BEGIN

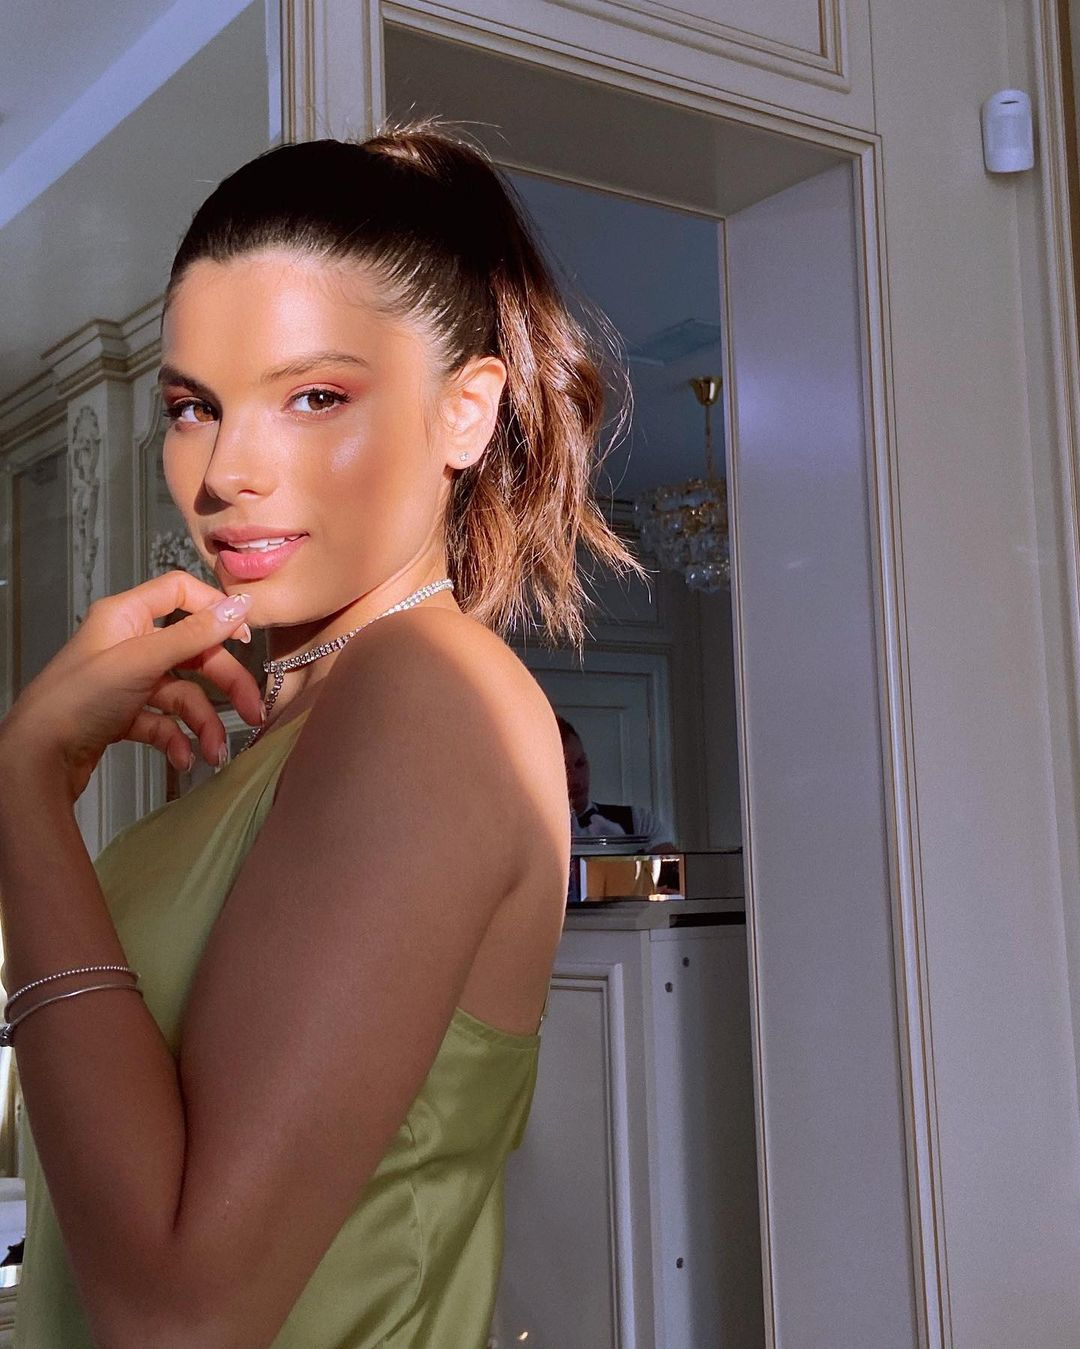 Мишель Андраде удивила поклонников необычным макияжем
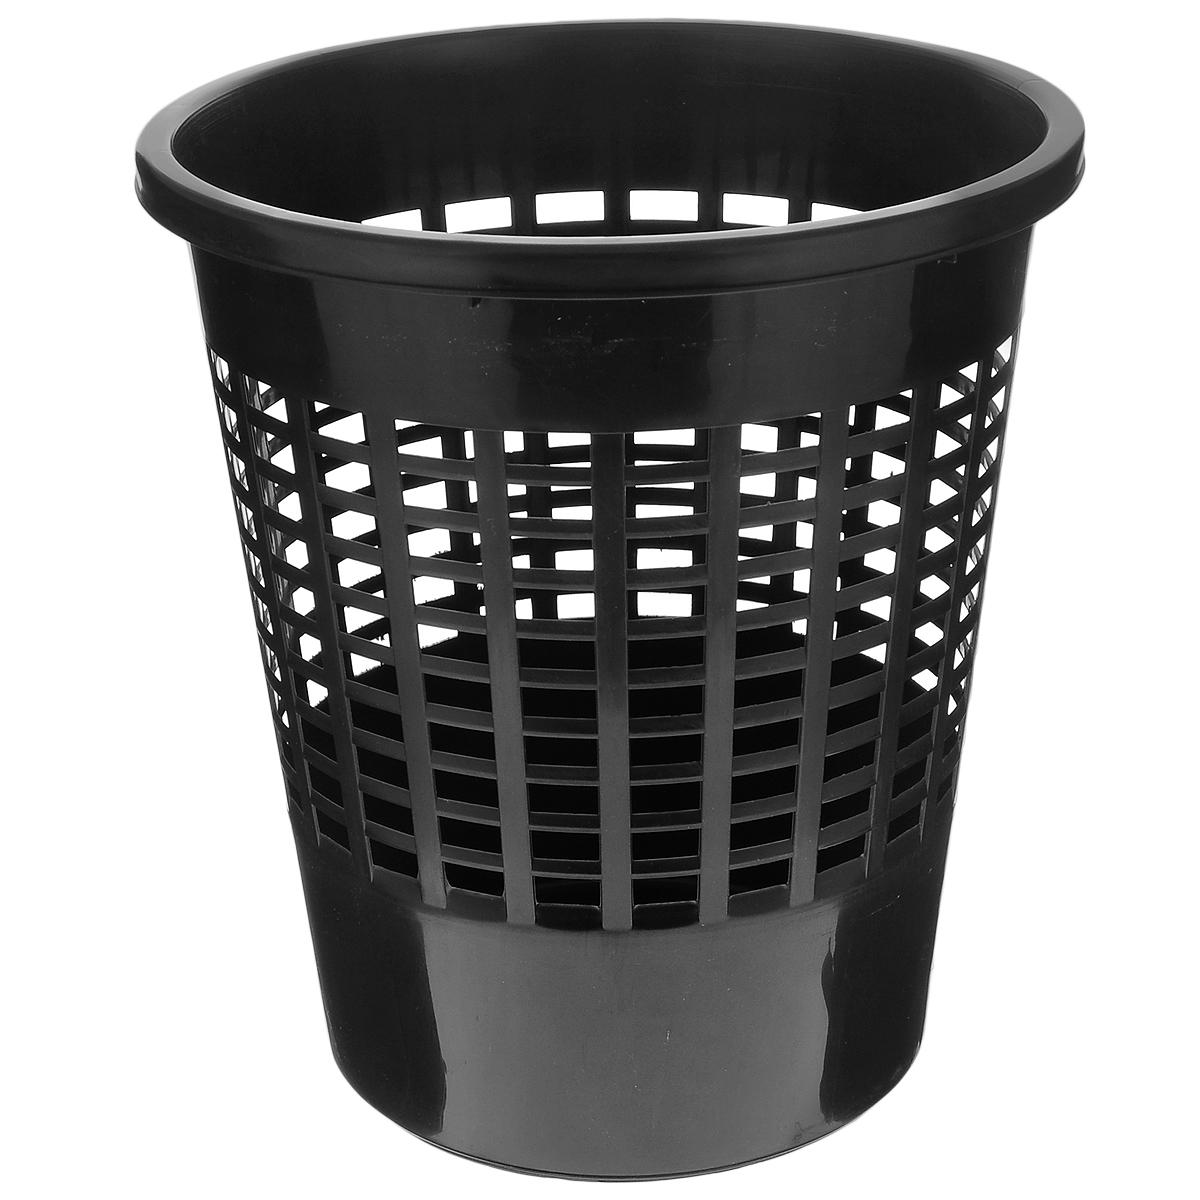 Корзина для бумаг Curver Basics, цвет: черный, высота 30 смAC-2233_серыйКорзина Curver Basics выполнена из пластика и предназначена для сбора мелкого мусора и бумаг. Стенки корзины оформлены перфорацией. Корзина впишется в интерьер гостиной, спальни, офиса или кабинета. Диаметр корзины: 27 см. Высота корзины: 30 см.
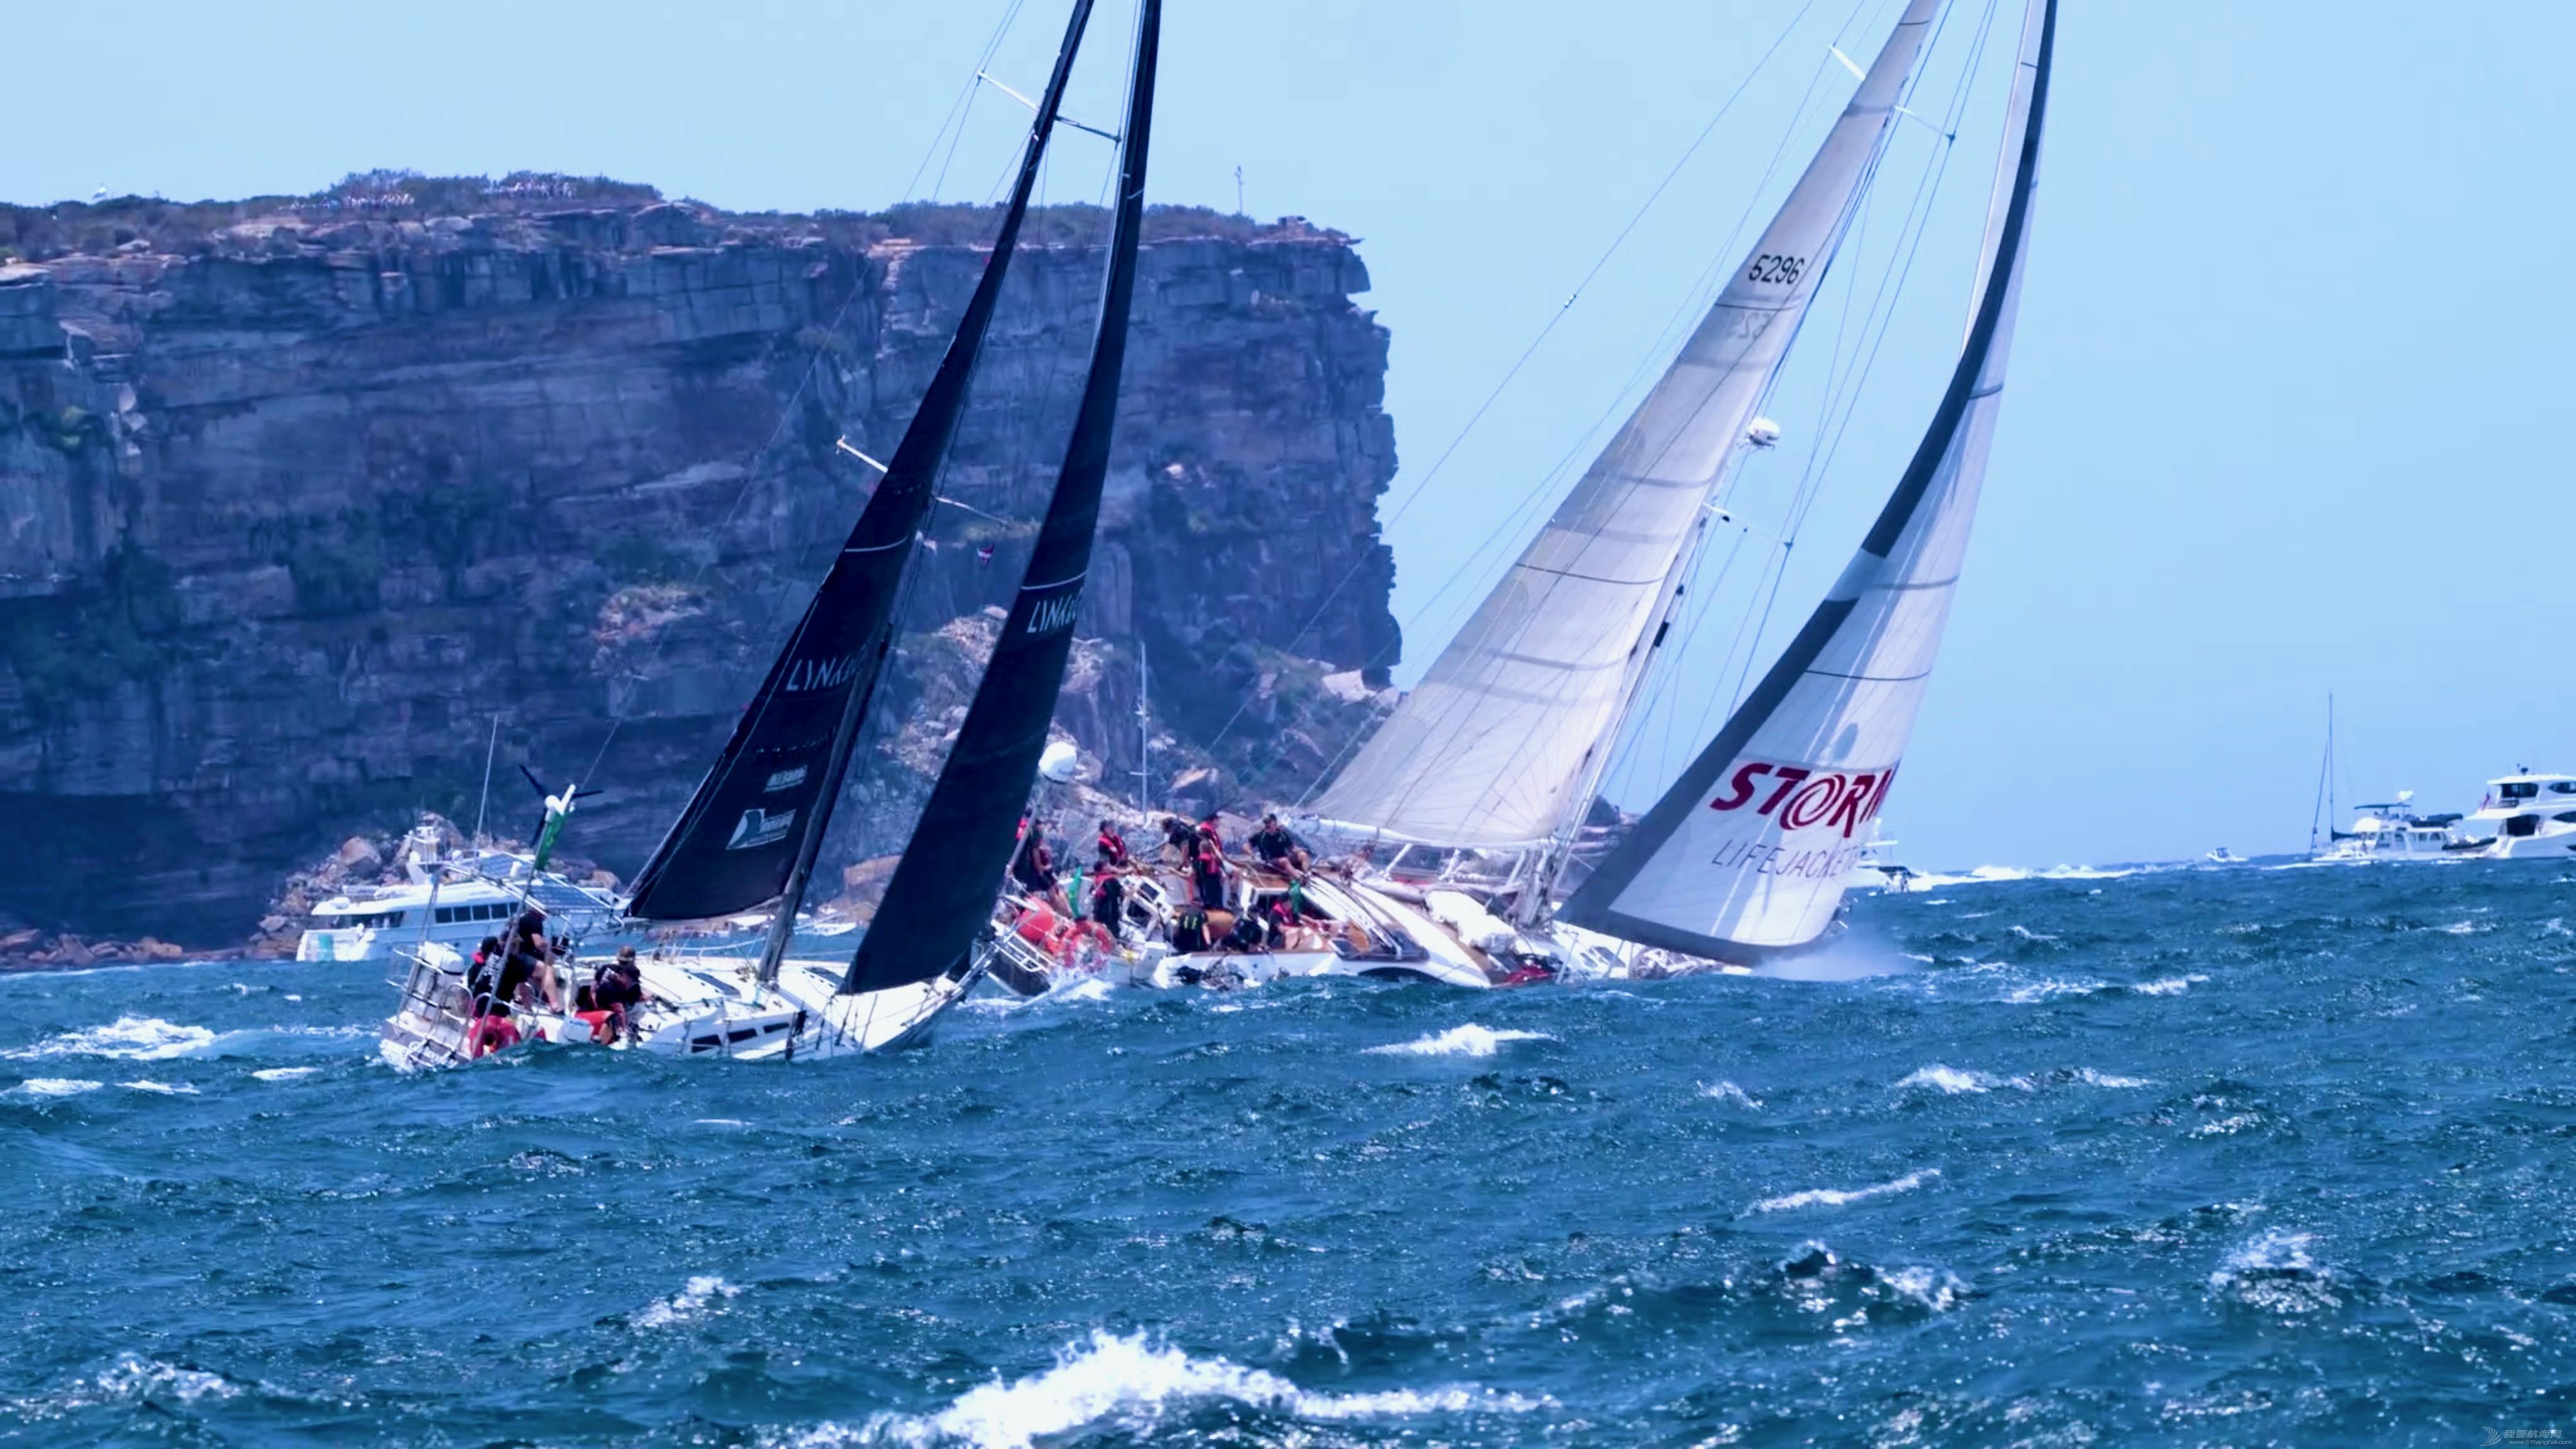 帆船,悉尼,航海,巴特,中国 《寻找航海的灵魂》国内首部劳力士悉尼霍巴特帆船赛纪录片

END

» **Directions for this task**
The whole listing is to be retyped exactly, with its pictures removed.

» **Exercise solution**
 Мишель Андраде удивила поклонников необычным макияжем
 Корзина для бумаг Curver Basics, цвет: черный, высота 30 смAC-2233_серыйКорзина Curver Basics выполнена из пластика и предназначена для сбора мелкого мусора и бумаг. Стенки корзины оформлены перфорацией. Корзина впишется в интерьер гостиной, спальни, офиса или кабинета. Диаметр корзины: 27 см. Высота корзины: 30 см.
 帆船,悉尼,航海,巴特,中国 《寻找航海的灵魂》国内首部劳力士悉尼霍巴特帆船赛纪录片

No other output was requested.